23. Quantum annealing and the D-Wave saga
A decade of D-Wave benchmark claims and their classical-community rebuttals. The Rønnow 2014 Science result, embedding overhead, and what quantum annealing does and does not genuinely provide.
24. Quantum error correction and the fault-tolerance threshold
Why ‘just add more qubits’ underestimates the engineering problem by three orders of magnitude. Shor/Steane codes, the threshold theorem, surface-code overhead, and the Megaquop roadmap (Preskill 2025).
25. Boson sampling and photonic quantum advantage
The Aaronson-Arkhipov 2011 proposal, Jiuzhang 2020 experiment, and why sampling-based supremacy has held up better than circuit-based supremacy. Permanent-of-Gaussians conjecture and the polynomial-hierarchy argument.
26. BQP and the complexity-class zoo
Where BQP sits: above BPP, probably below NP in the worst case, and comfortably inside PSPACE. Bernstein-Vazirani containments, Toda 1991, the Raz-Tal 2019 oracle separation, and implications for quantum advantage claims.
27. Dequantization and the Tang algorithms
How Ewin Tang’s 2018 undergraduate work erased an exponential speedup in quantum recommender systems, and what the broader dequantization program tells us about quantum-ML advantage claims.

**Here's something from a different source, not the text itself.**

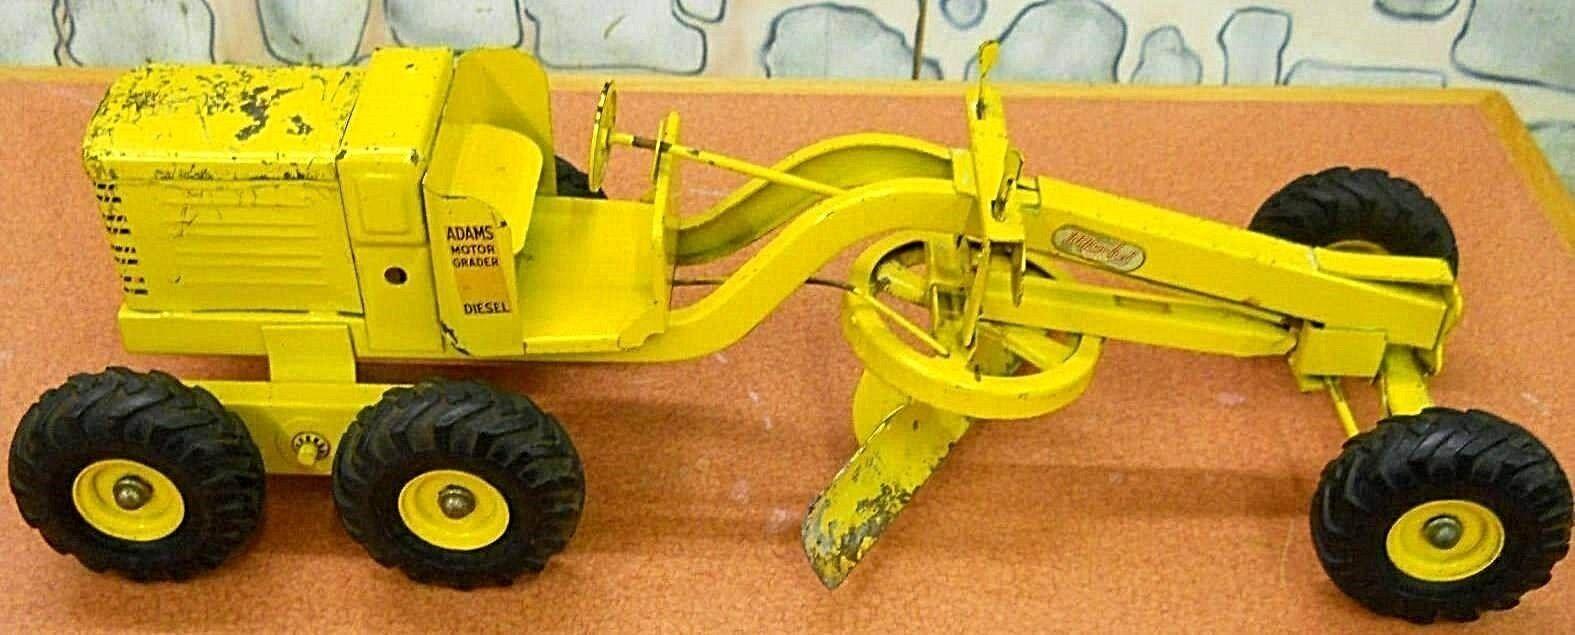 Doepke Adams jaune 26  échelle 1 12 Road Grader circa 1950... RARE, RARE

The Aaronson litmus test applied.
28. Quantum Monte Carlo and amplitude-estimation speedups
Where quadratic quantum speedup plausibly applies to finance and risk: Monte Carlo estimation. The Montanaro 2015 framework, amplitude estimation, option-pricing speedups, and realistic deployment timelines.
How these notes are used
- Self-contained. You can read any one without the others.
- Cross-linked. Related concepts link to each other via Quartz’s graph view.
- Updated. I revise notes when a significant new result appears.
- Honest about limits. Each note ends with Open questions, genuinely unresolved points.
- Reproducible. All figures are generated by Python scripts with fixed random seeds, available in the site repository.
What these notes are NOT
- Not a textbook substitute. For that: Hernán & Robins (2020) Causal Inference: What If; Sutton & Barto (2018) Reinforcement Learning: An Introduction; Hutter (2005) Universal Artificial Intelligence; Angelopoulos, Barber & Bates (2024) Theoretical Foundations of Conformal Prediction.
- Not promotional summaries of recent papers. The goal is understanding, not hype.
- Not a venue for my current research. My applied work has its own publication channel; these notes are pedagogical.